Glad you like the post 🙂
I find significant advantages in doing this sort of work in some kind of programming language as that makes it very easily reproducible (see some of my latest posts on reproducibility). Doing something through a GUI can be nice, but then when you want to go and do the same graph again but change the axis label (as a reviewer asked me to do on my latest paper) you have to remember exactly what buttons you clicked to do it – which is harder than it sounds! If you have written it as code then all you have to do is edit the code file and change the axis label string. Similarly, once you’ve written something through code you can easily run it multiple times for different datasets (as I did with my plot function in this post).

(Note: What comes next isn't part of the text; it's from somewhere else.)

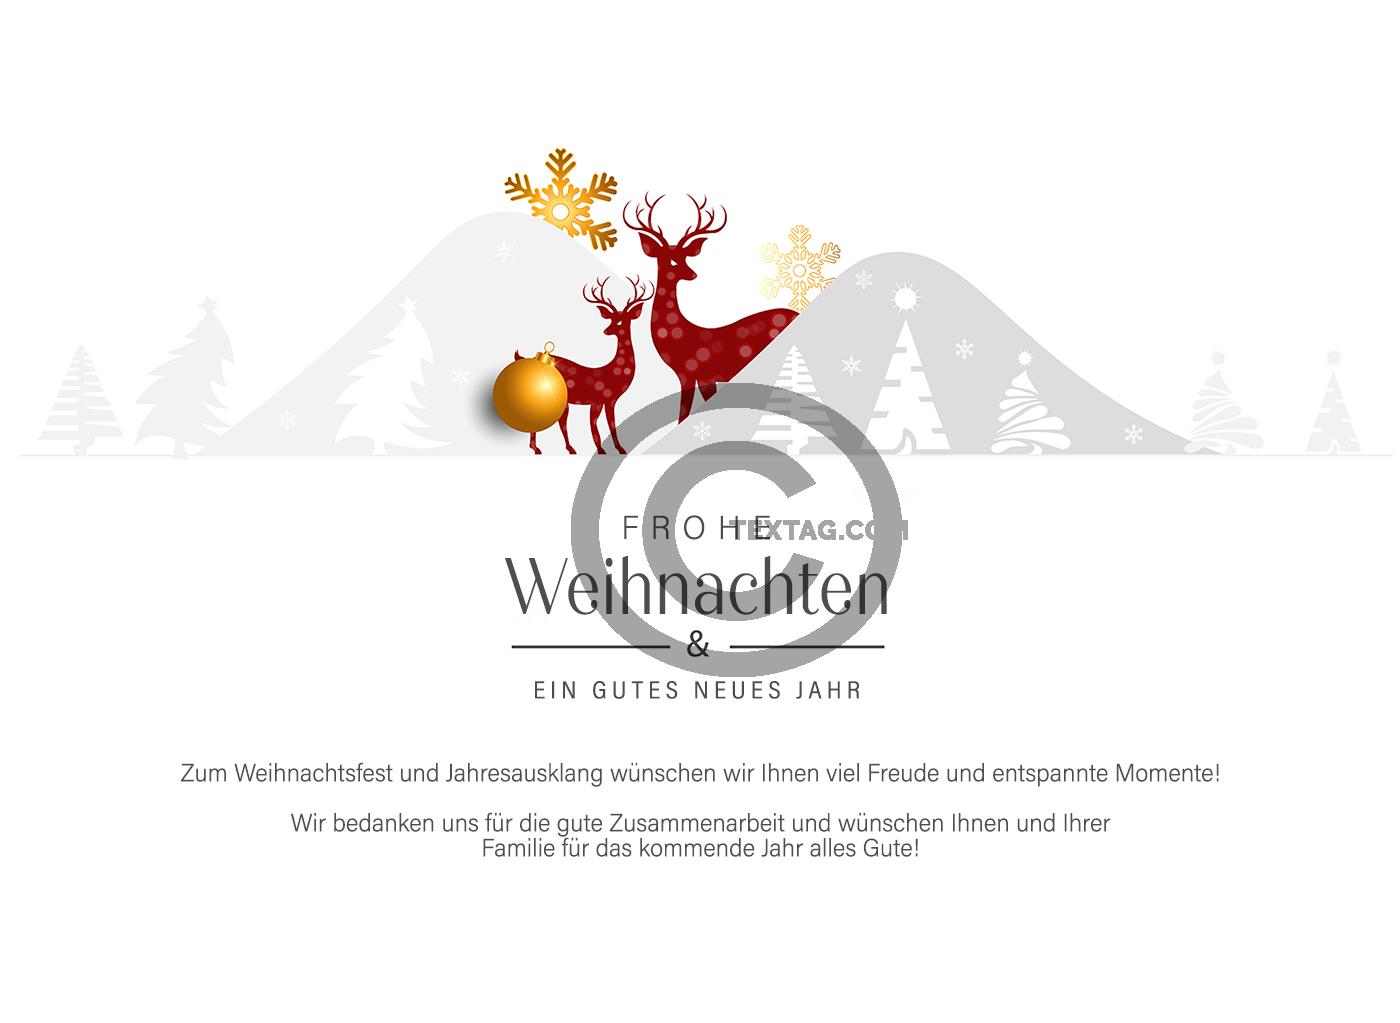 geschäftliche Weihnachts E-Card in Rot, Weiß, Gold, mit Hirsch, ohne Werbung, mit Spruch (917) 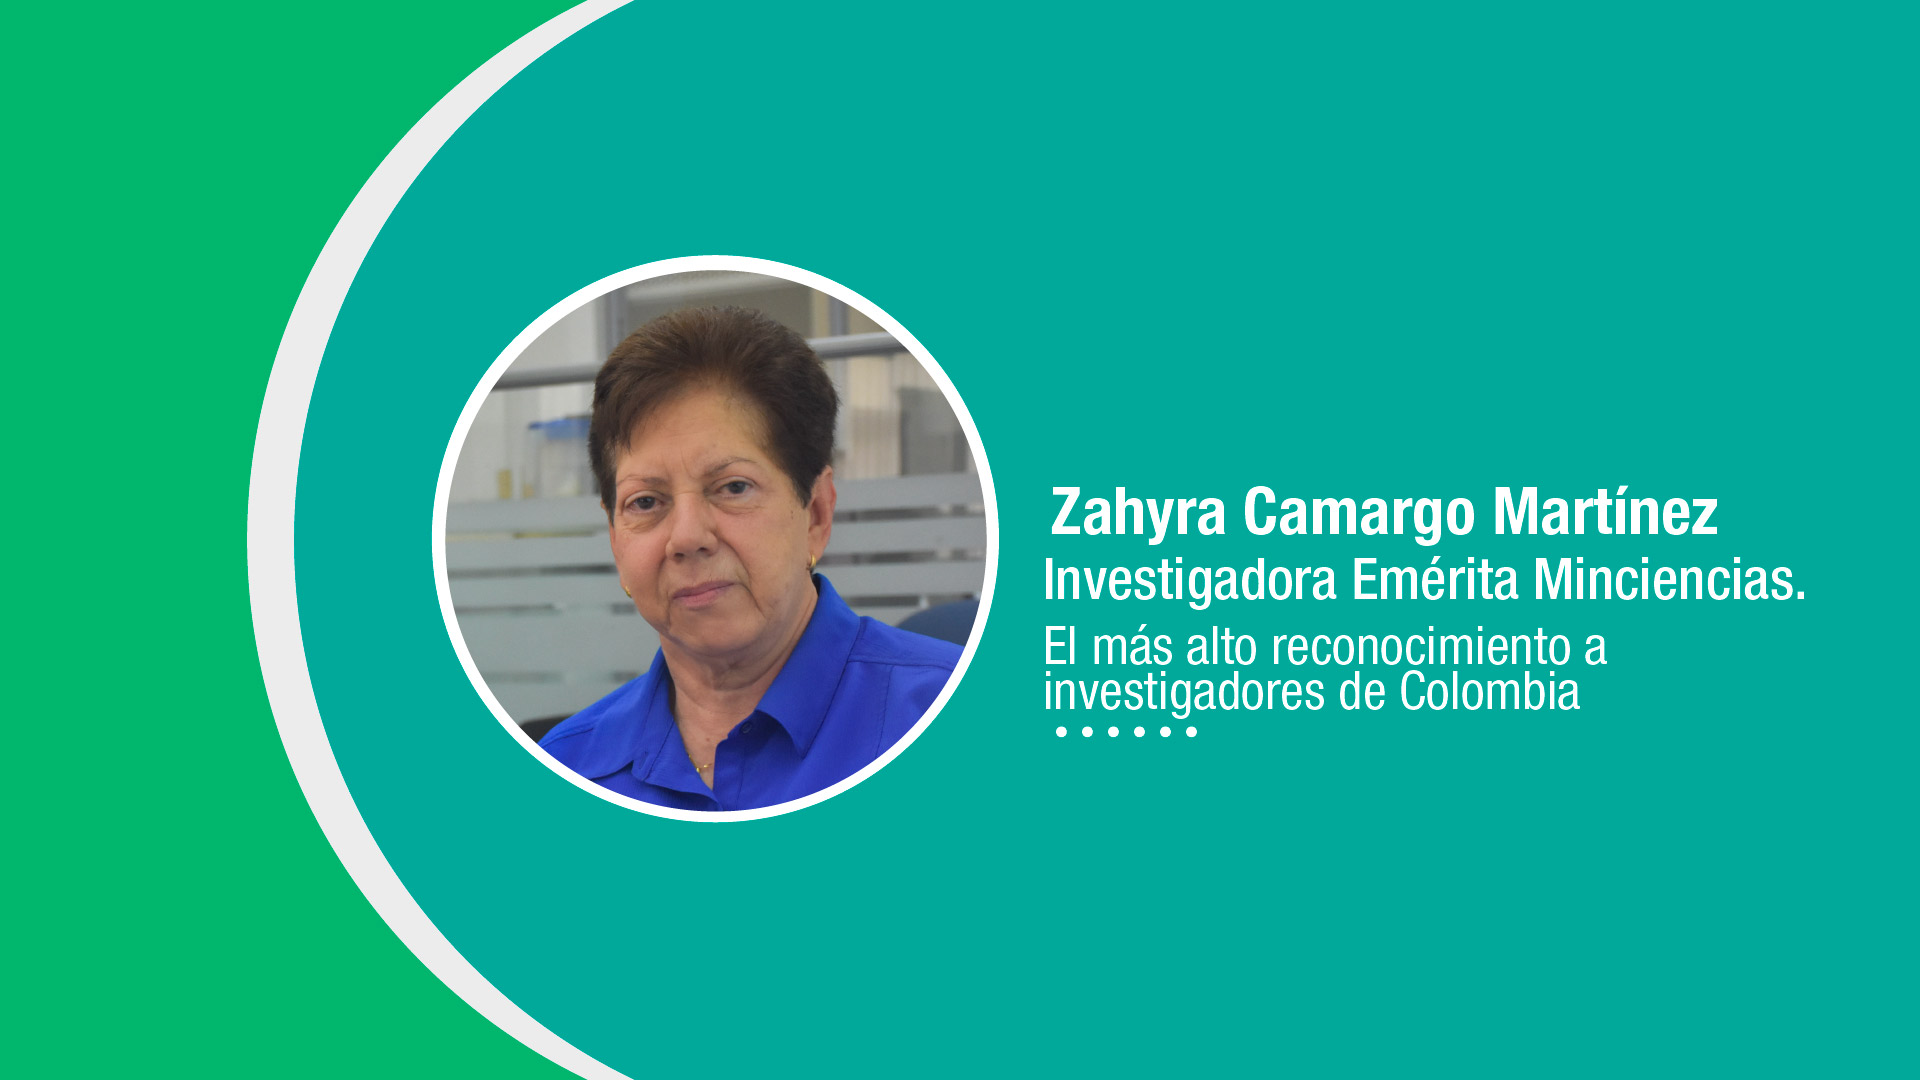 Zahyra Camargo Martínez, Investigadora Emérita Minciencias. El más alto reconocimiento a investigadores de Colombia

I happened to do this in R as it is one of my favourite languages for data processing, but the same thing could easily be done in Python, Matlab, IDL etc. I’m using R quite a lot at the moment as my work is becoming quite statistical (lots of time-series validation), but I have done lots of previous work in Python and IDL.
Thanks a lot for the reply! I will definitely consider R then: I read from you about reproducibility, and as a matter of fact, I had had reproducibility issues recently, so the time is right to change.
IDL is not a free solution right?
No, unfortunately IDL is not free – but your university/institution may have a copy. There is, in fact, a free ‘clone’ of IDL called GDL which is fairly feature-complete – see http://gnudatalanguage.sourceforge.net/.